About this task — Your response should contain exactly the lines running from the one with "Lowering our flag" to the end of the data below, both included, and no pictures.

#### The data ####

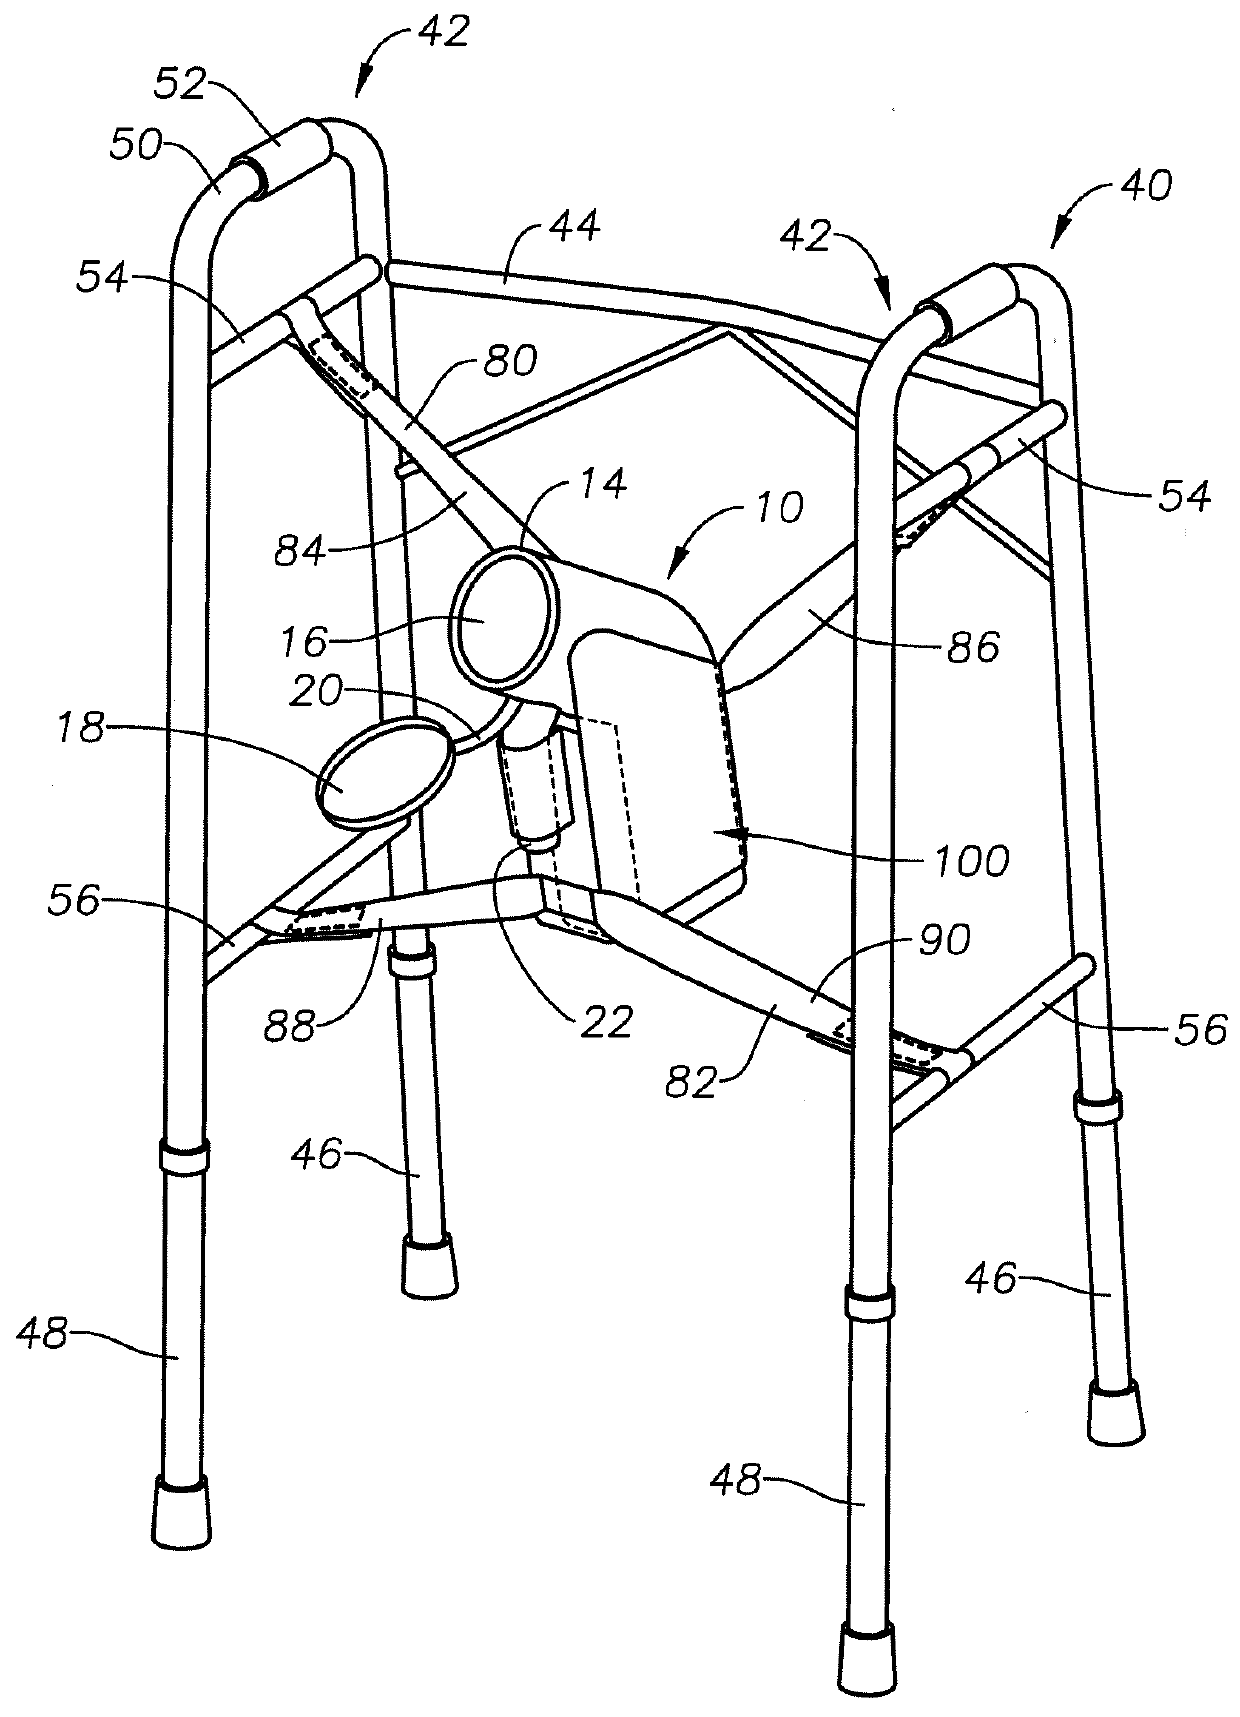 Portable urinal mounting assembly
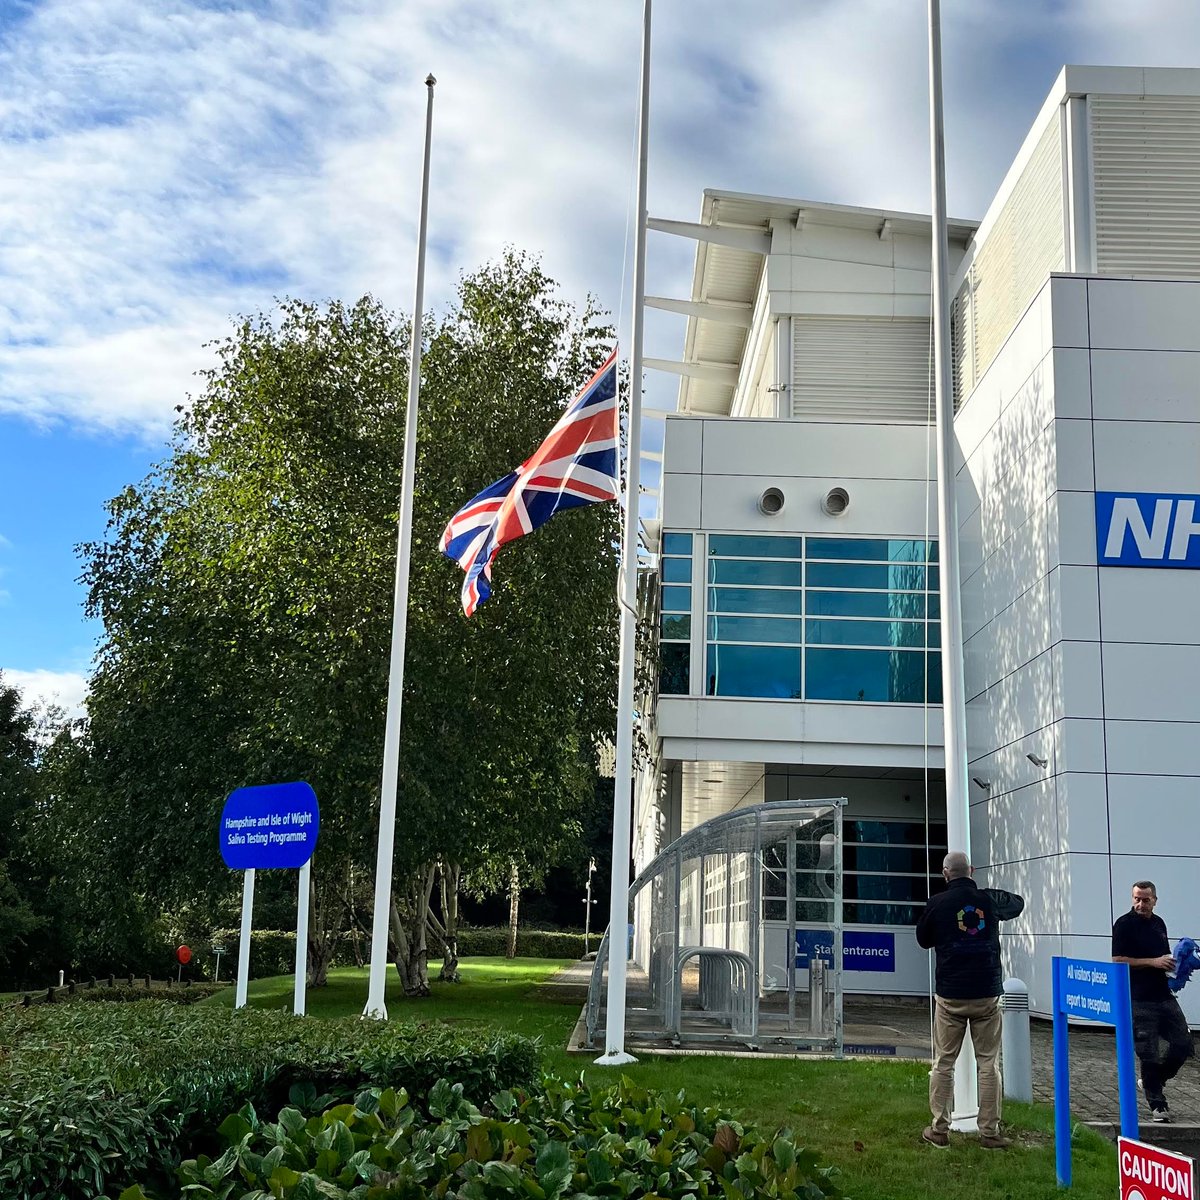 Lowering our flag to half-mast brings a moment of great sadness. We take this moment to reflect and thank our Queen for her incredible 70 years of service.
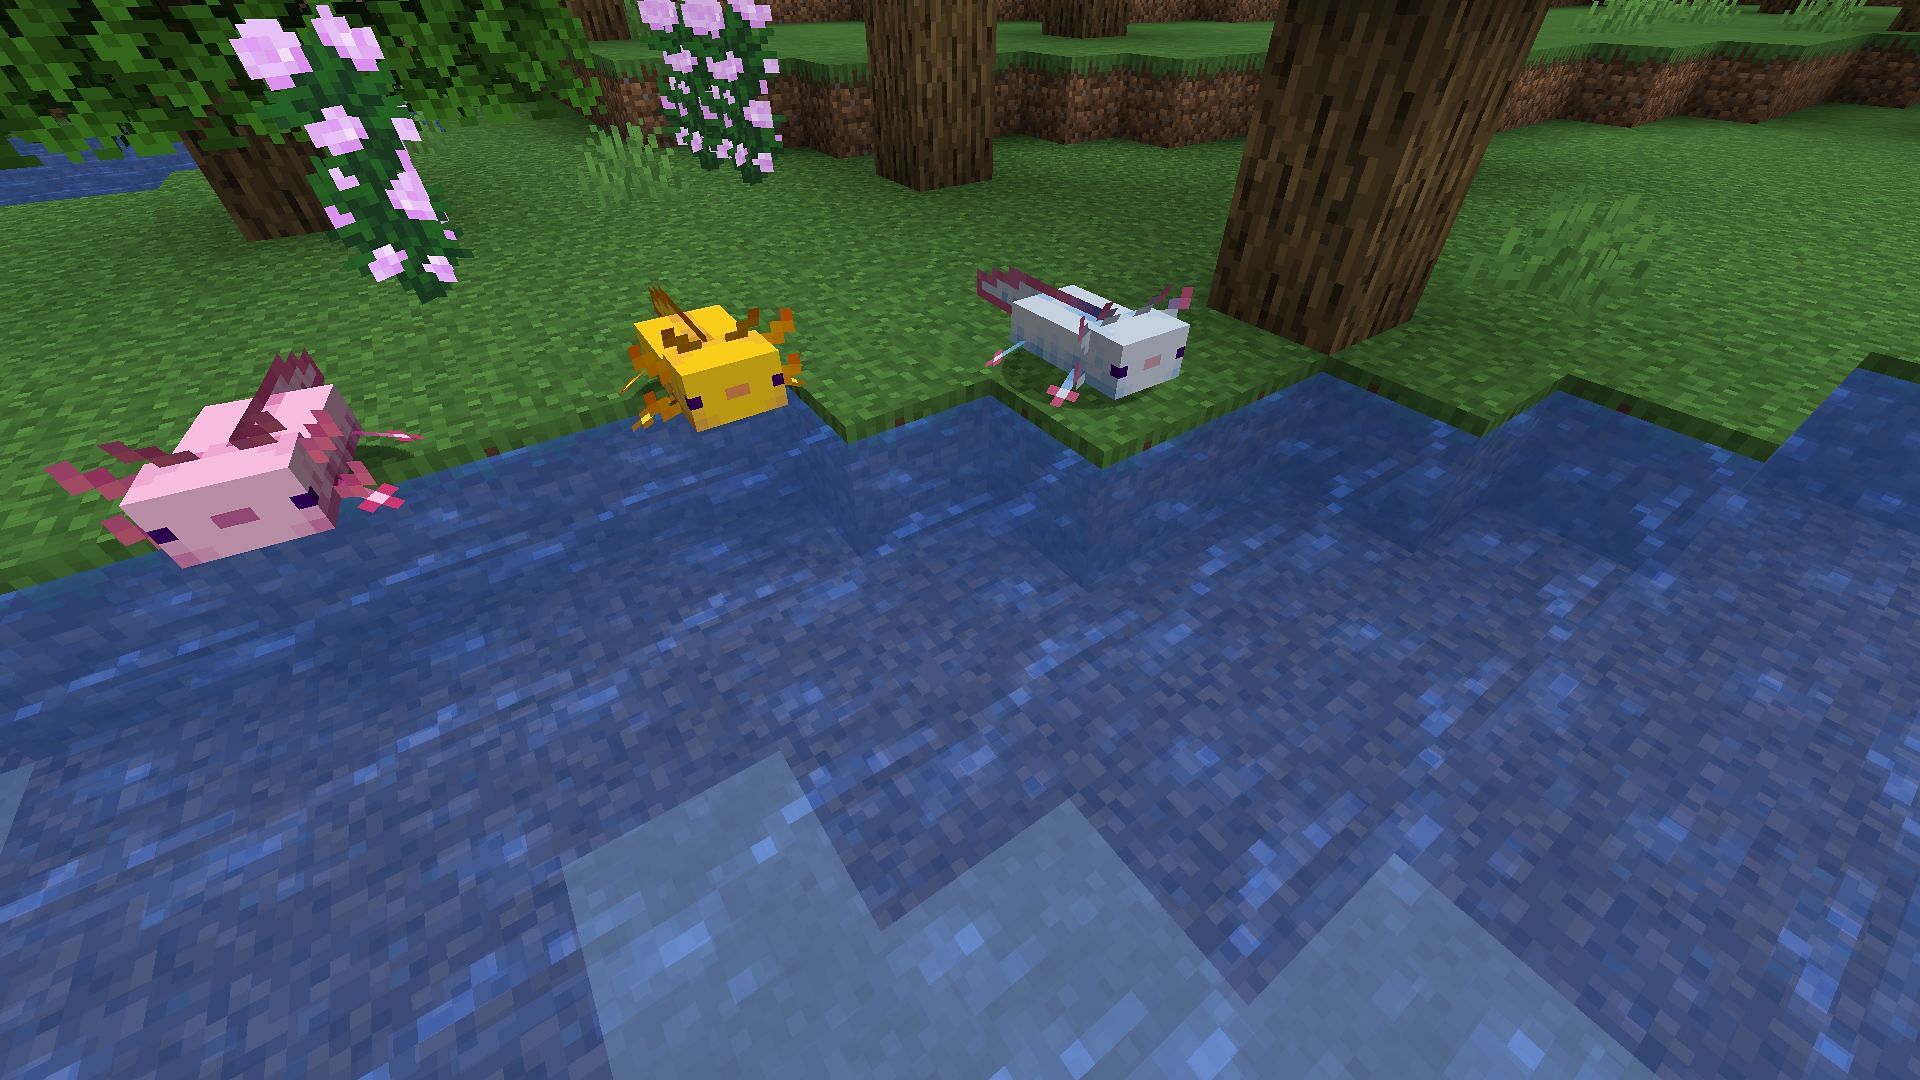 Some of the different colors of the axolotl (Image via Minecraft)

####

Output of the task —
 Lowering our flag to half-mast brings a moment of great sadness. We take this moment to reflect and thank our Queen for her incredible 70 years of service.
 Some of the different colors of the axolotl (Image via Minecraft)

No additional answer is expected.